Of particular importance for US-China Relations, the administration has reaffirmed that it will adhere to one-China policy and that it does not support independence for Taiwan, and it is also seeking a pattern of regular consultations between Beijing and Washington. The recent consultations between US Deputy Secretary of State Wendy Sherman and State Councilor and Foreign Minister Wang Yi and Vice Foreign Minister Xie Feng were marked by a barrage of charges by each side against the other.

However, if one reads carefully the public reports regarding the consultations, it is evident that there were constructive elements. According to the Chinese account of the meeting, Deputy Secretary Sherman called the US-China relationship as the most important bilateral relationship in the world, noted many times that the two sides have had contact with each other since President Biden was sworn in, expressed U.S.’ willingness to have open and candid contacts and dialogues with China, declared the U.S.’ hopes that the two countries could coexist peacefully, said that the U.S. has no intention of restricting Chinese development and does not want to contain China and would like to see China develop further, and noted that the two sides can engage in healthy competition, cooperate on climate change, drug control in international and regional hotspots, and strengthen crisis management capacity and avoid conflicts. American accounts of the meeting she had are consistent with the above statements. These are encouraging words that you would not have heard from the previous administration. 

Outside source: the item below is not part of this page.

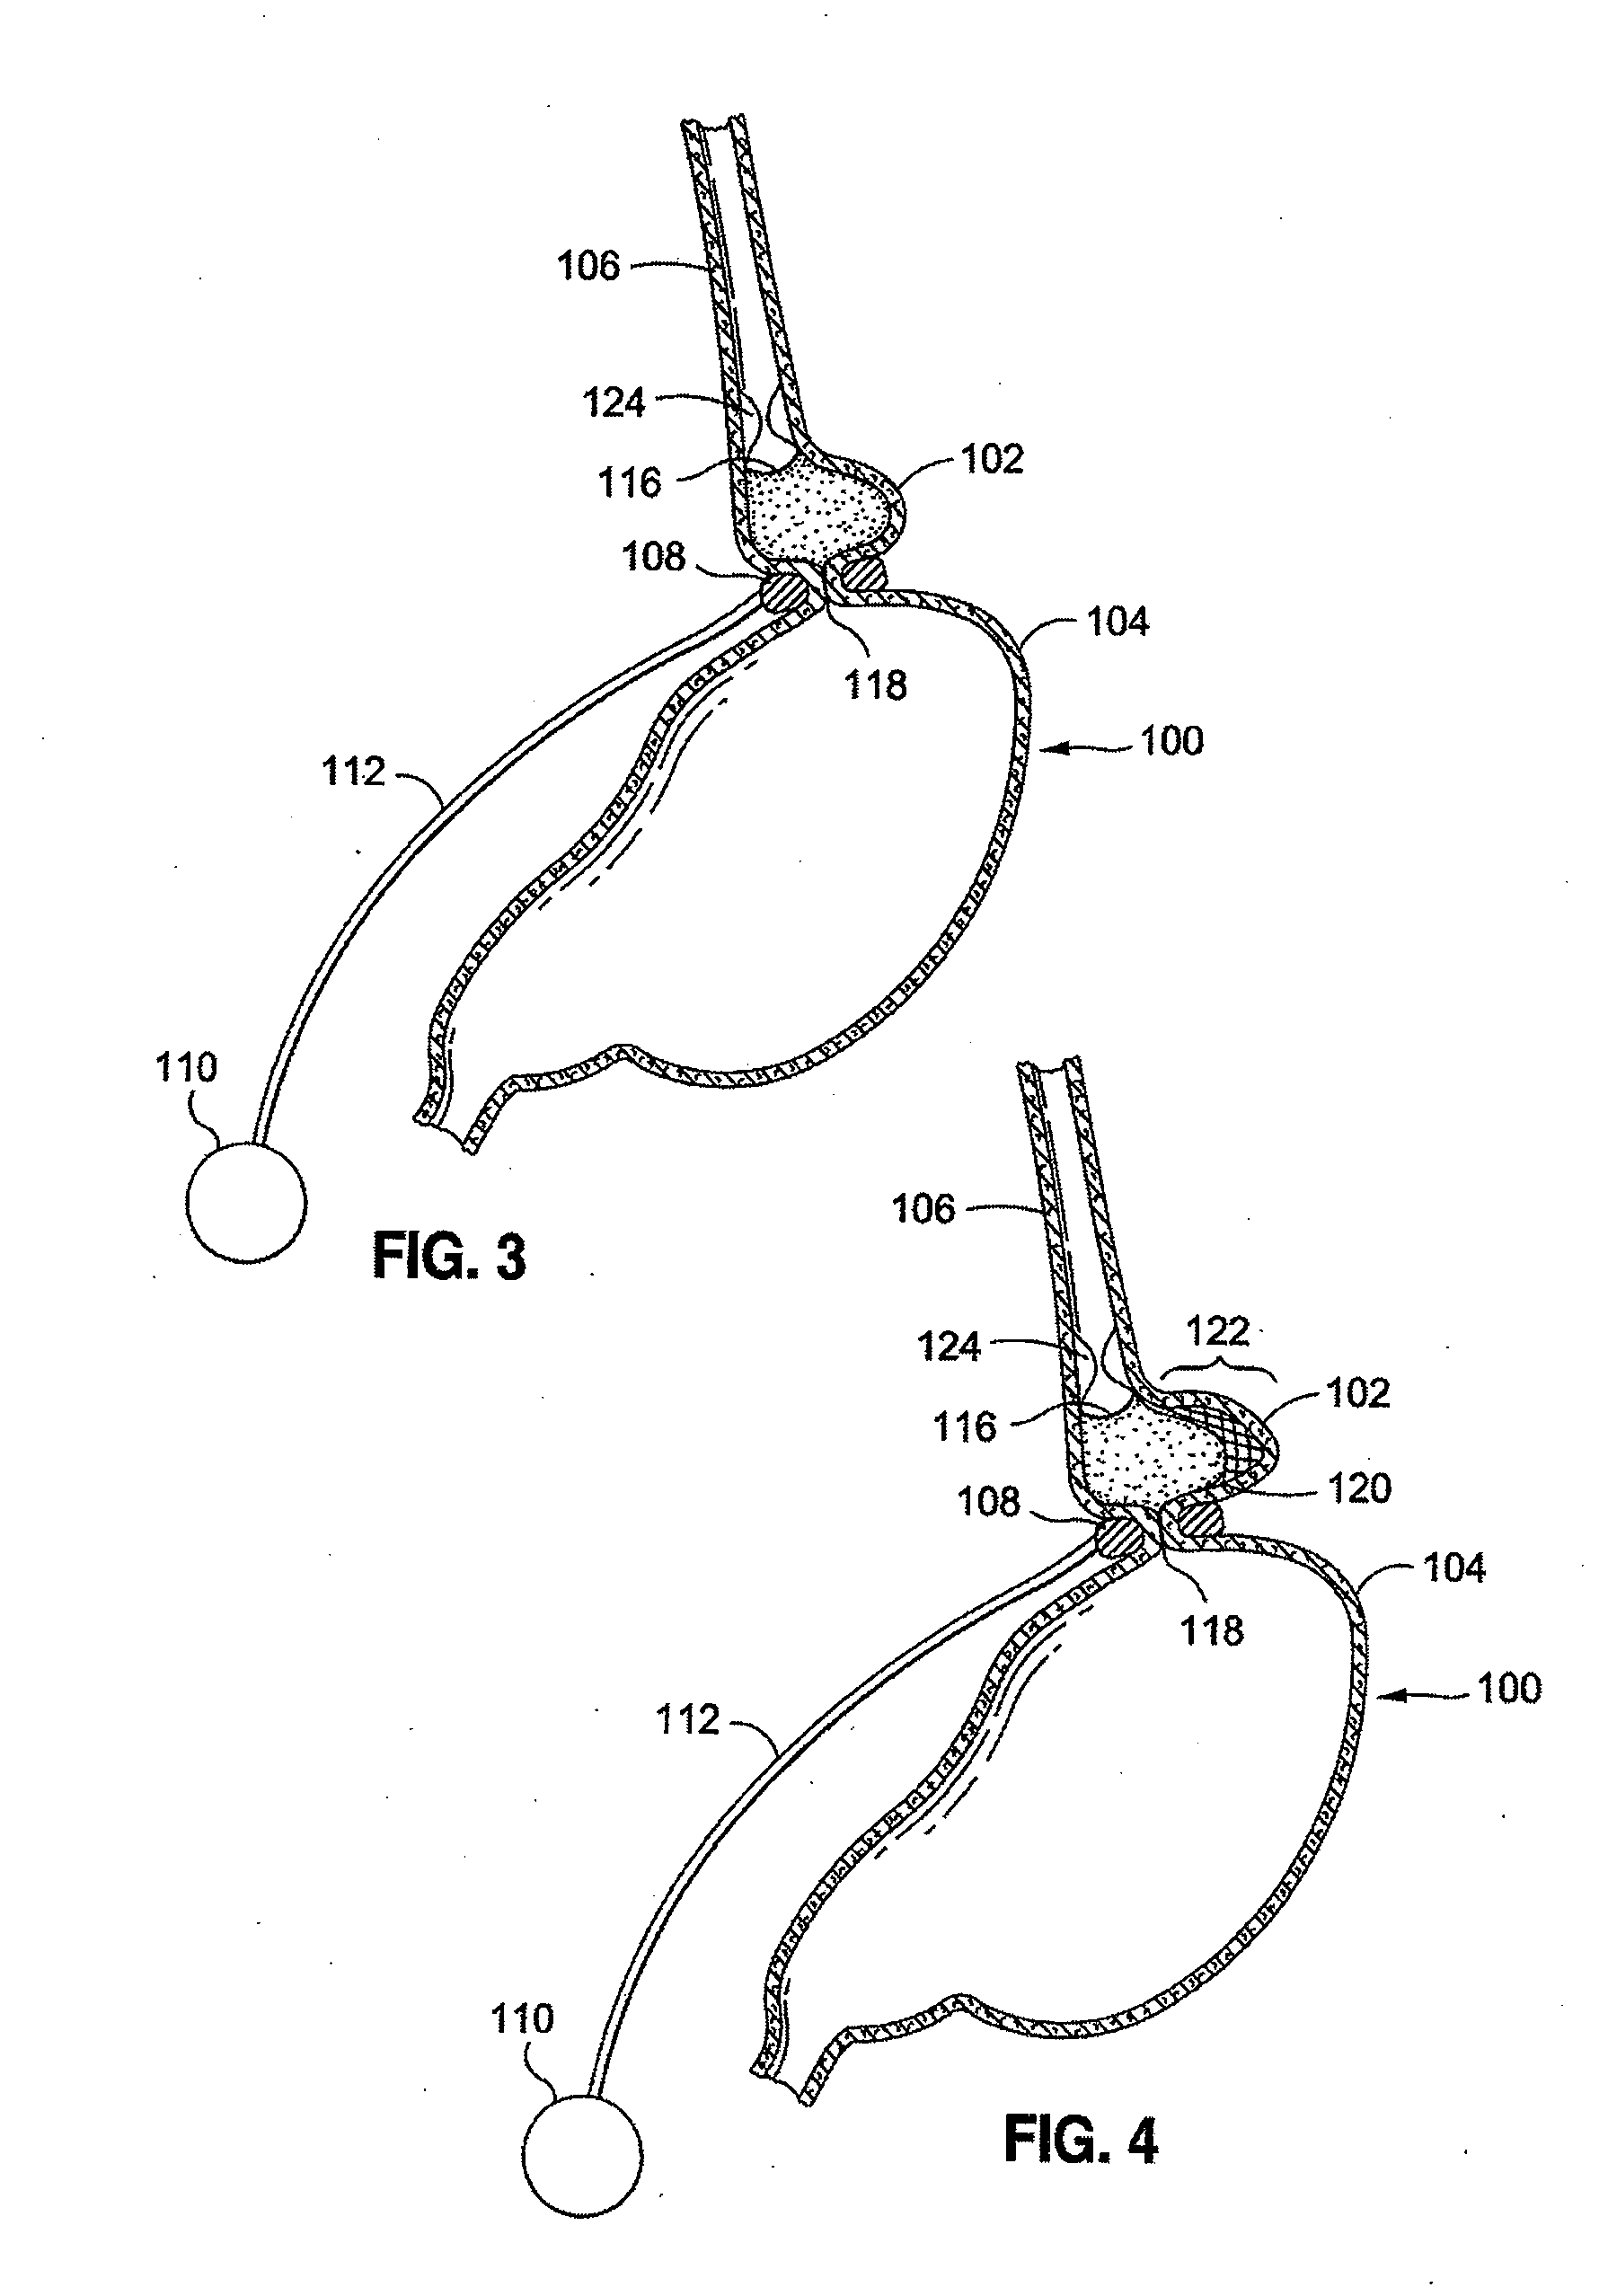 External sensing systems and methods for gastric restriction devices

However, the reality is less positive. President Biden needs congressional support for his domestic programs and congressional attitudes toward China are hostile. Changing these attitudes will be difficult but not impossible. A hardline American approach to China does not mesh well with the interests of US allies and friends in East Asia who do not wish to see the region polarized. In other words, the U.S. that tries to work with our friends and allies will discover that they do not support a hardline approach to China, and I think that will have an impact overtime. But as the first step, it would be useful for both China and the U.S. to tone down their rhetoric toward each other. Governments have the responsibility not only to formulate wise foreign policies, but to talk in ways that develop public support for those policies — and we are not doing that. We are talking publicly in ways that undermine the wise policy that we should be pursuing. So as a starter, let’s get our rhetoric under control and I hope that will have some chance to exchange views about other steps that could be taken.